- Goal of the exercise -
Would you give the listing again exactly, without its images?

- Supplied data -
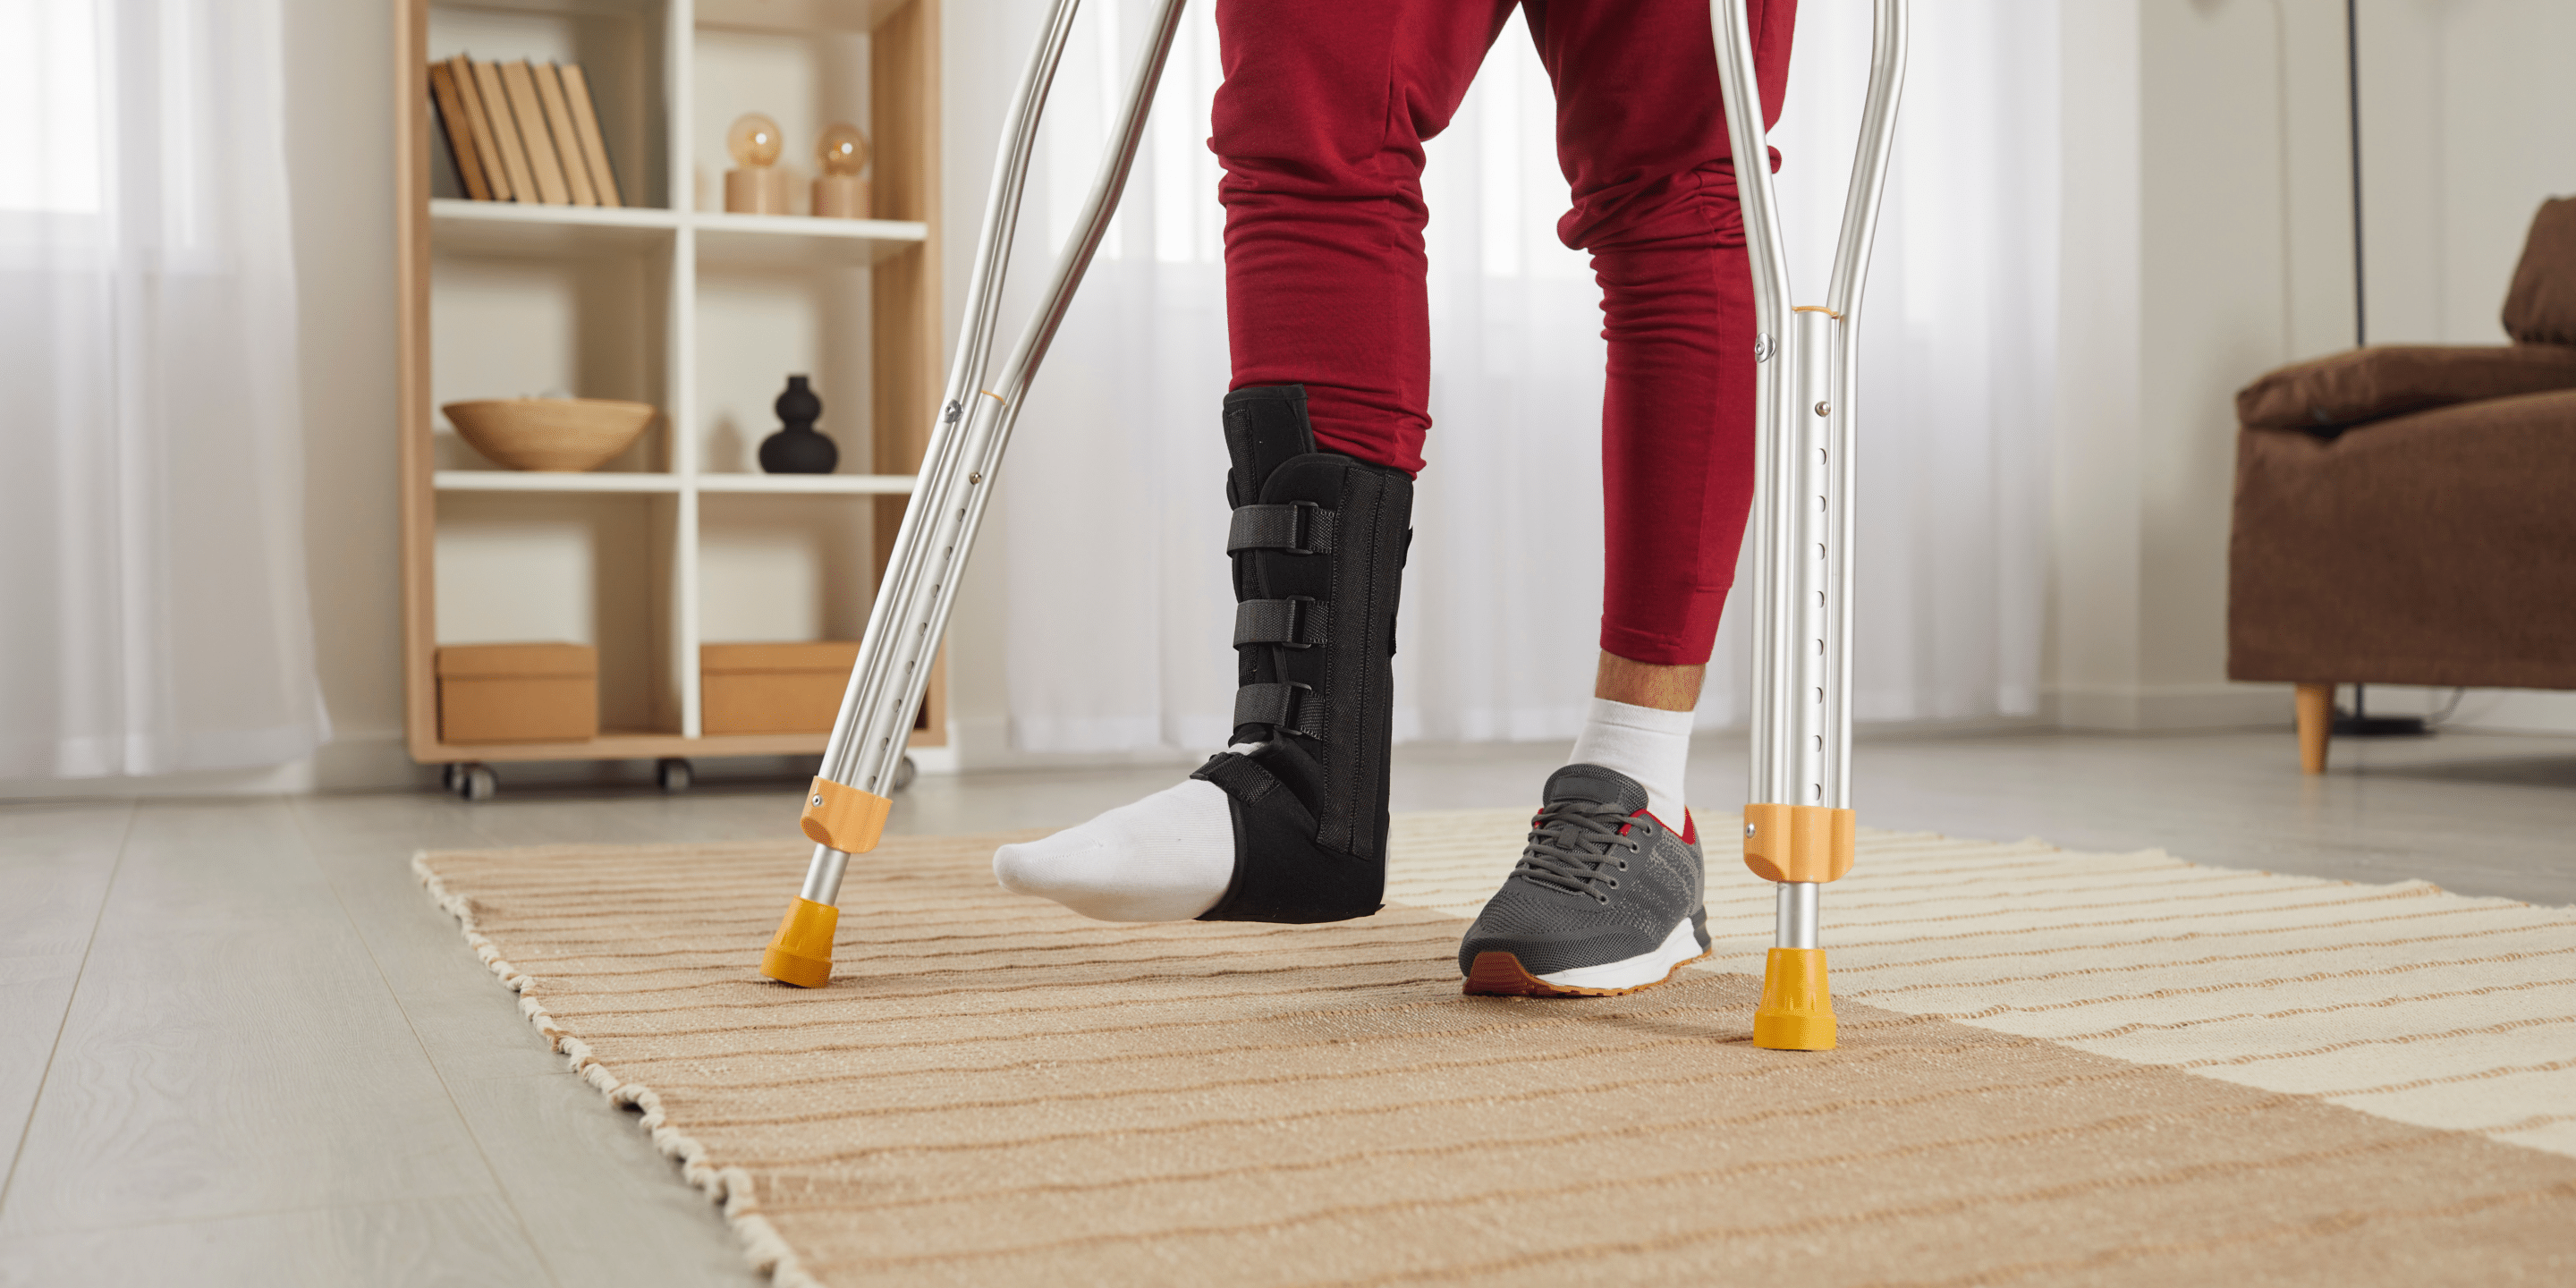 Unwell man with broken leg in plastered splint walk on crutches at home. Unhealthy injured male make first steps have rehabilitation after foot injury or trauma. Health problem, rehab concept.
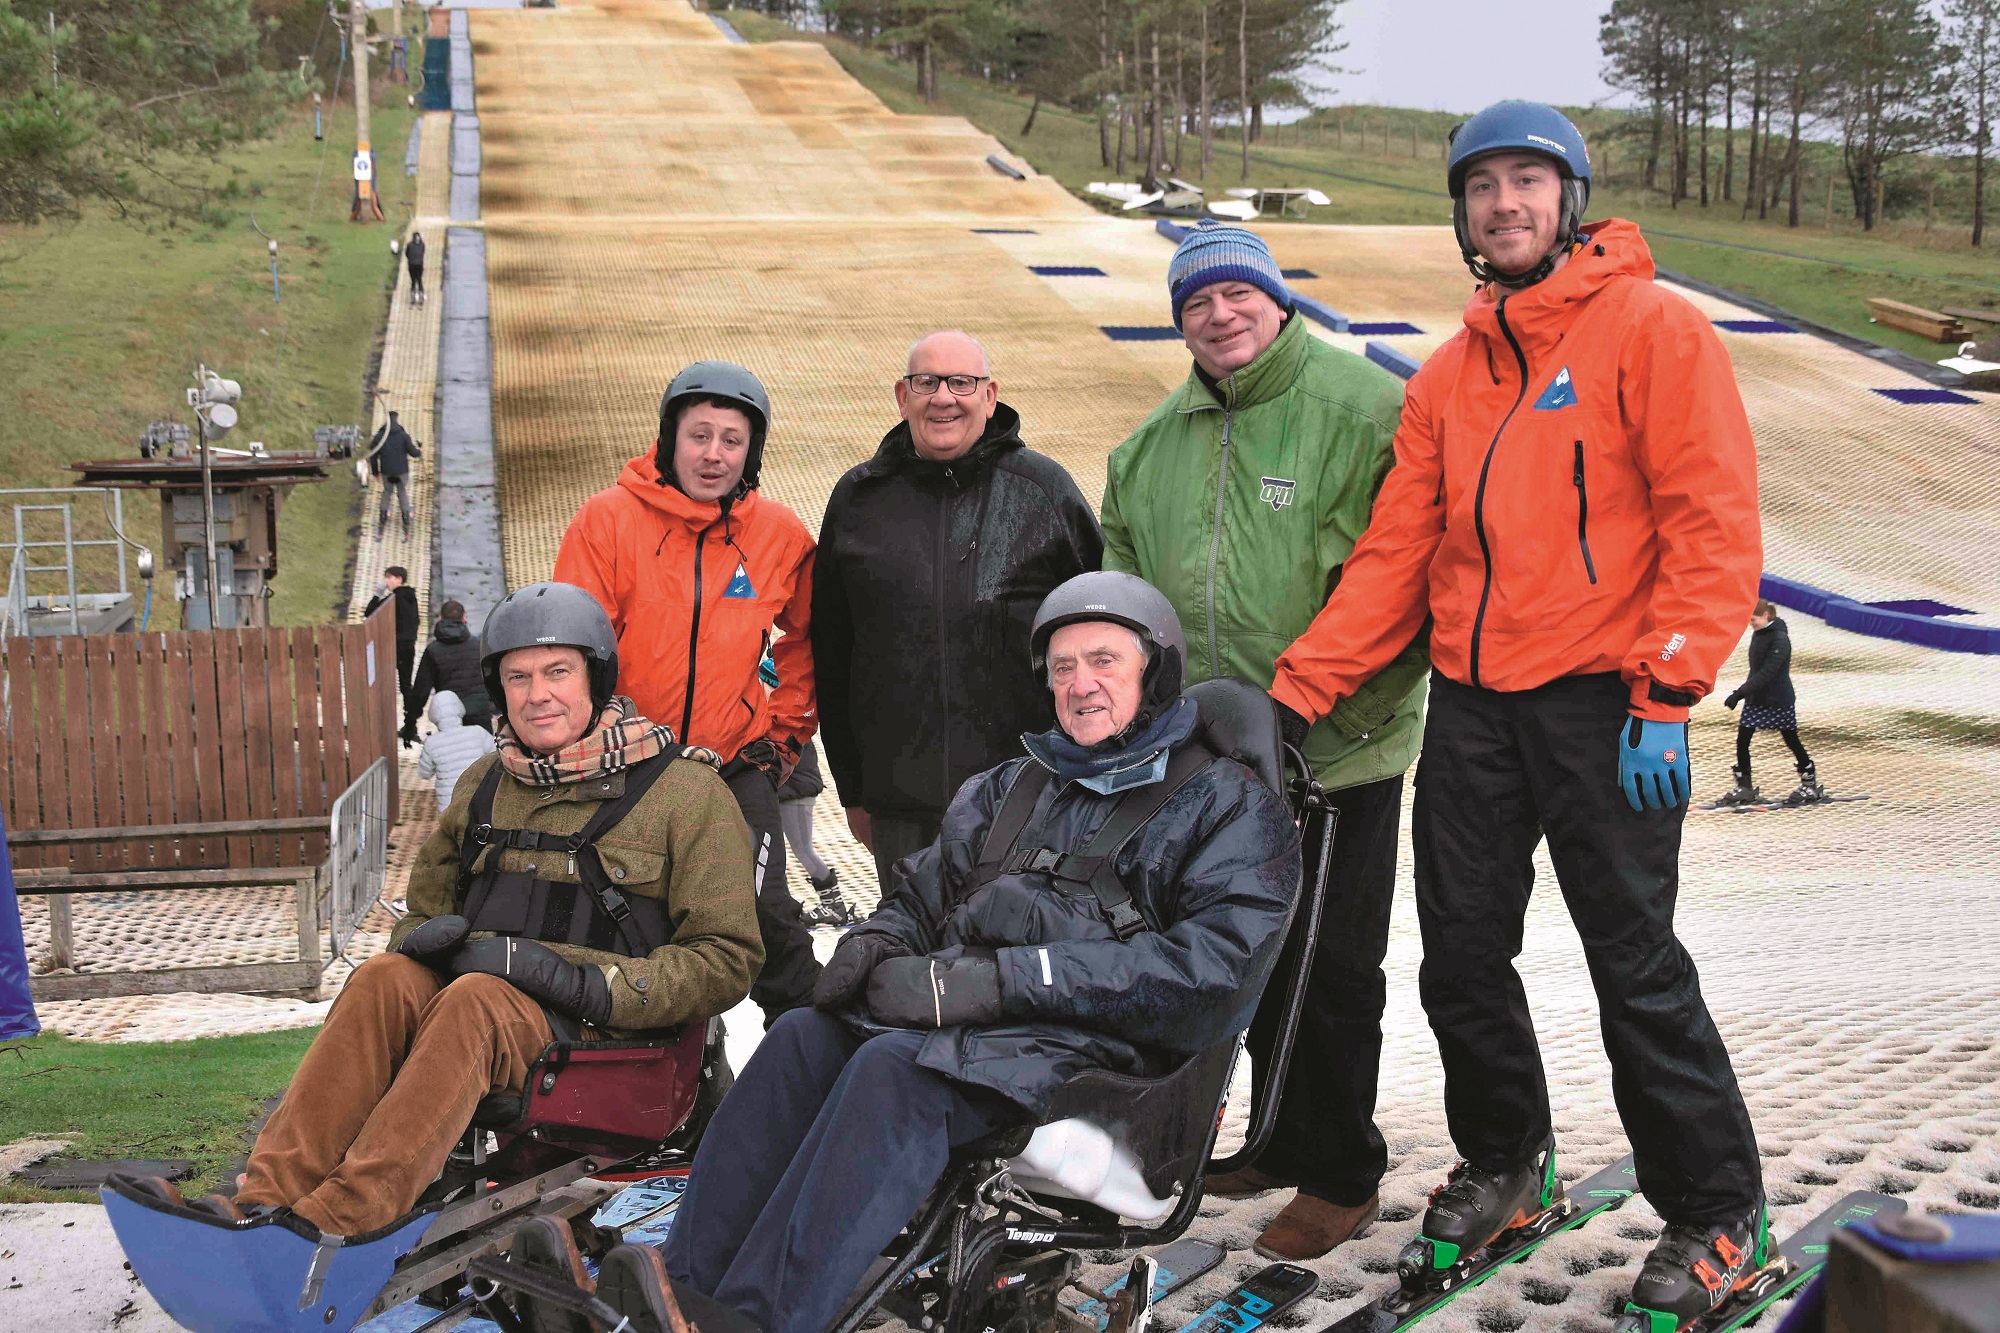 West Wales Freemasons at the Pembry Ski4All track after donating £8500
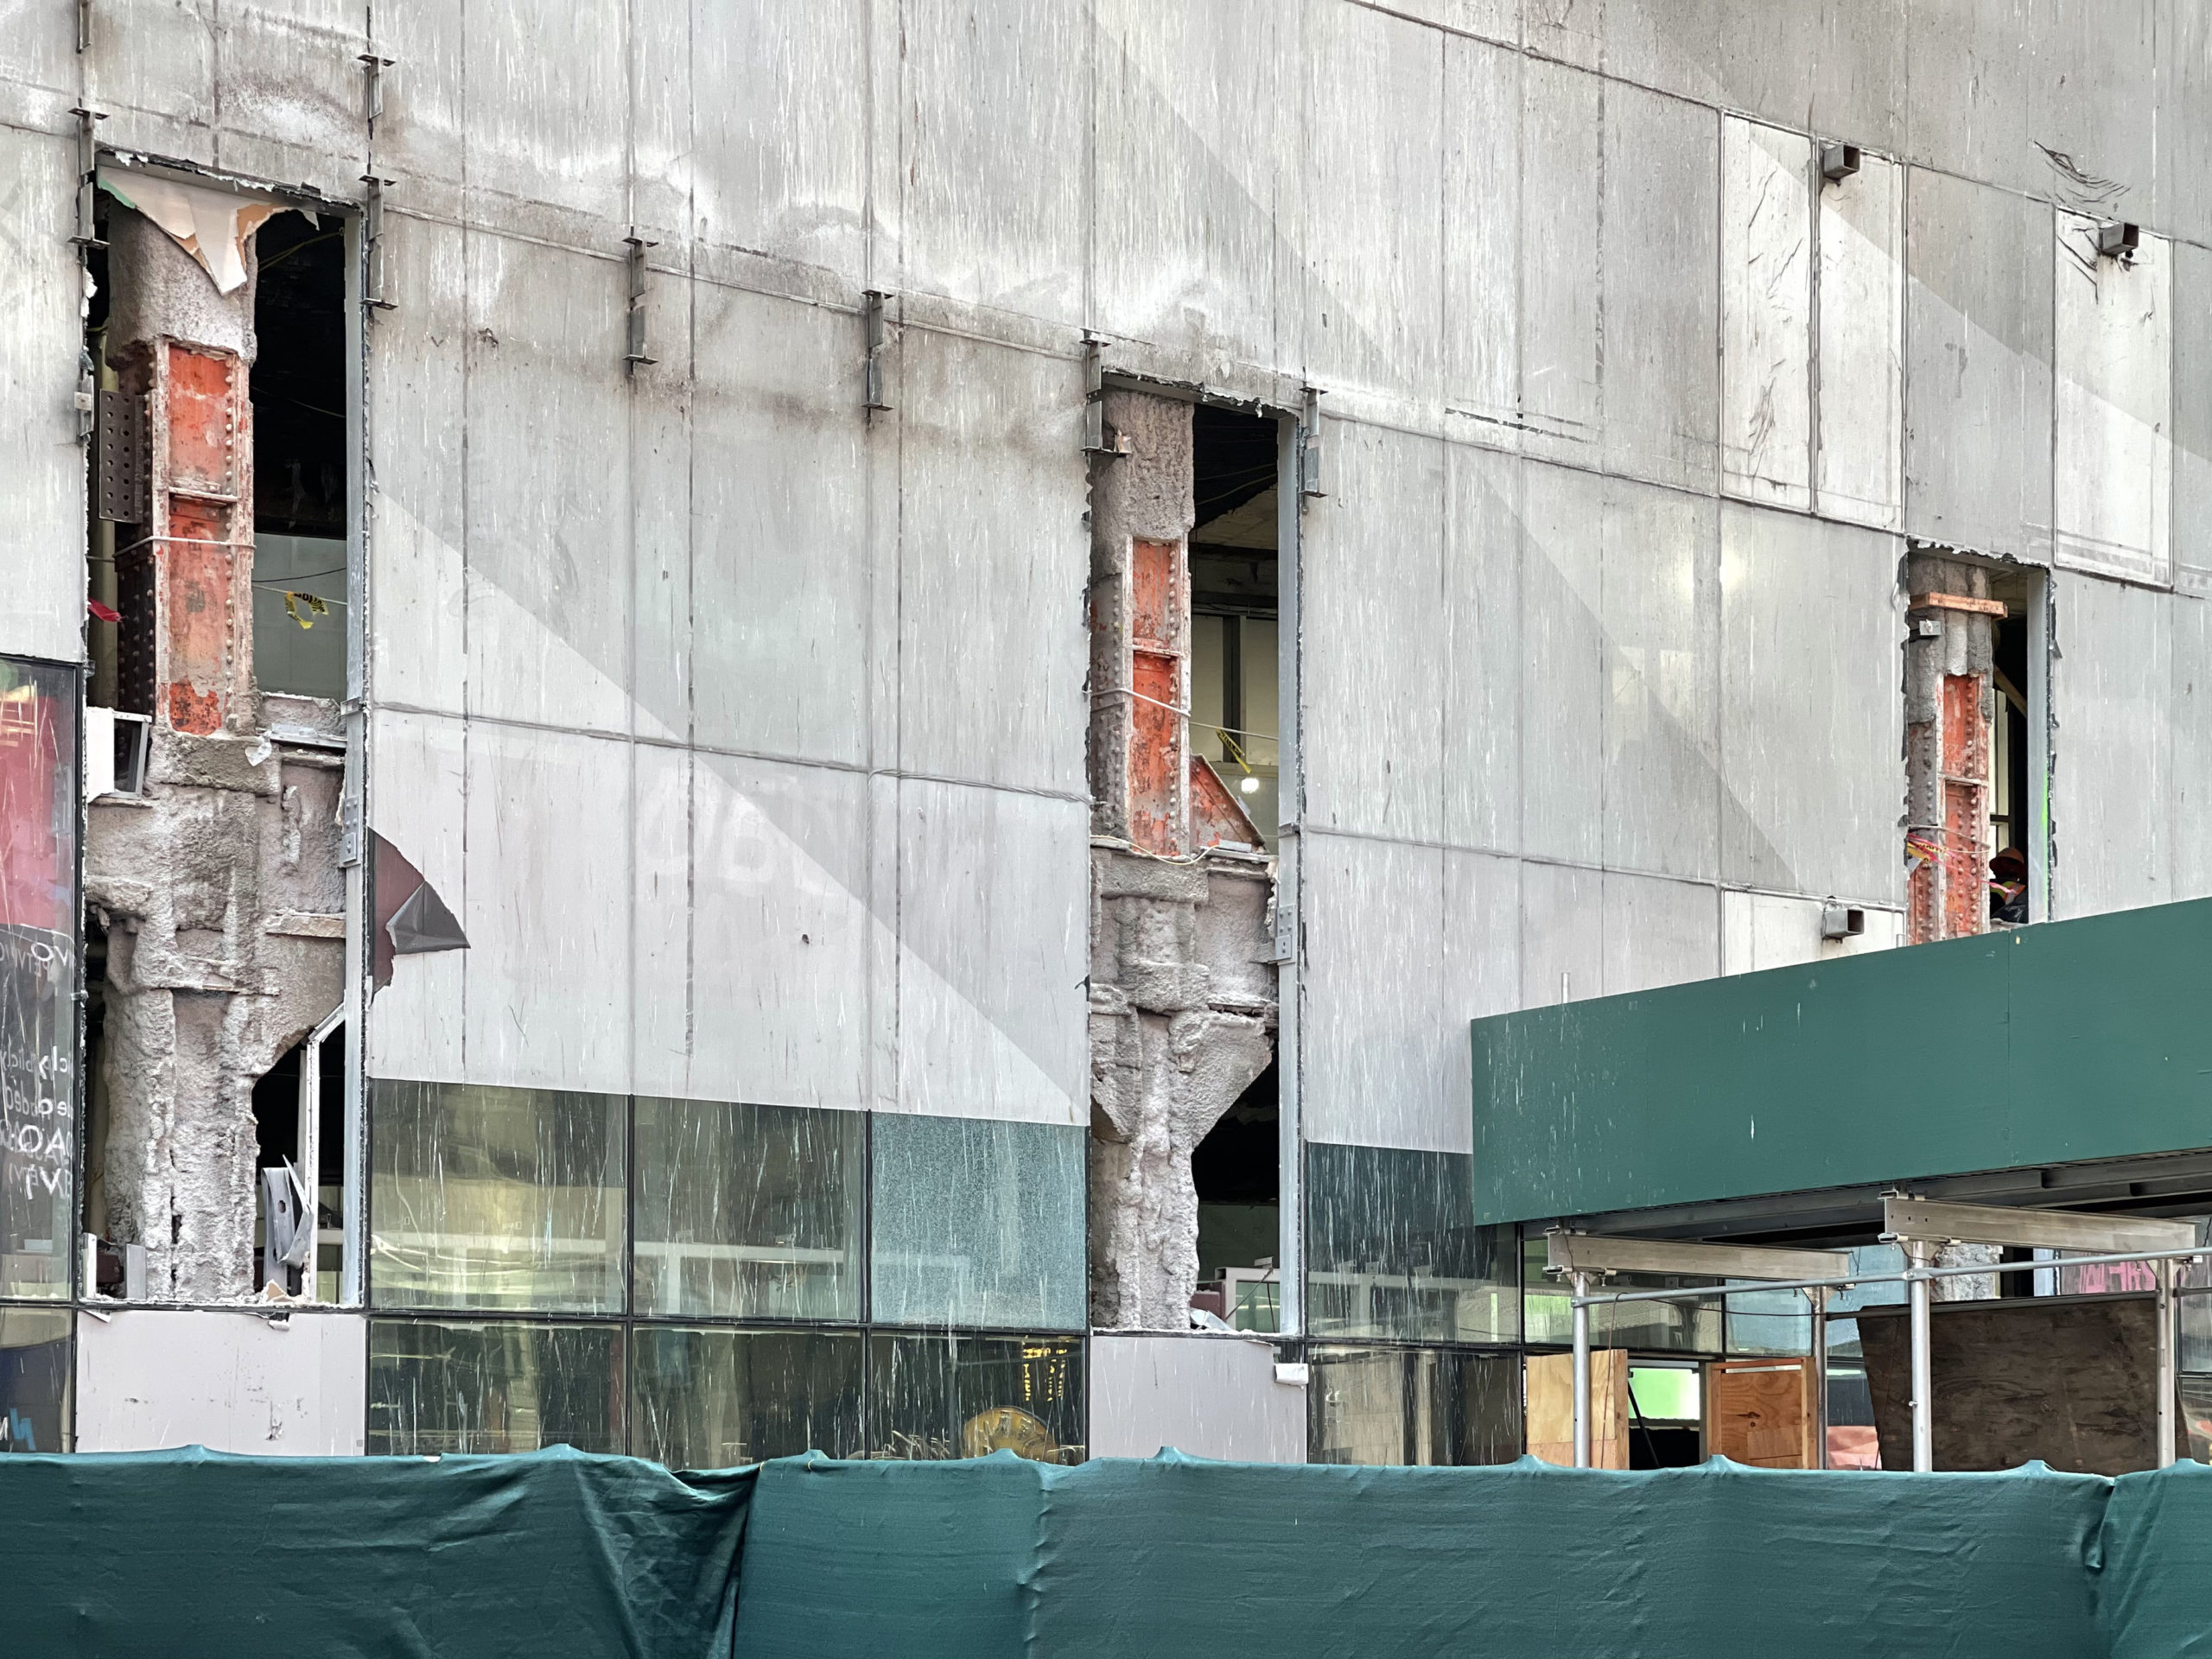 Billboard Removal and Transformation of One Times Square Progresses in  Midtown, Manhattan - New York YIMBY

- Solution -
 Unwell man with broken leg in plastered splint walk on crutches at home. Unhealthy injured male make first steps have rehabilitation after foot injury or trauma. Health problem, rehab concept.
 West Wales Freemasons at the Pembry Ski4All track after donating £8500
 Billboard Removal and Transformation of One Times Square Progresses in  Midtown, Manhattan - New York YIMBY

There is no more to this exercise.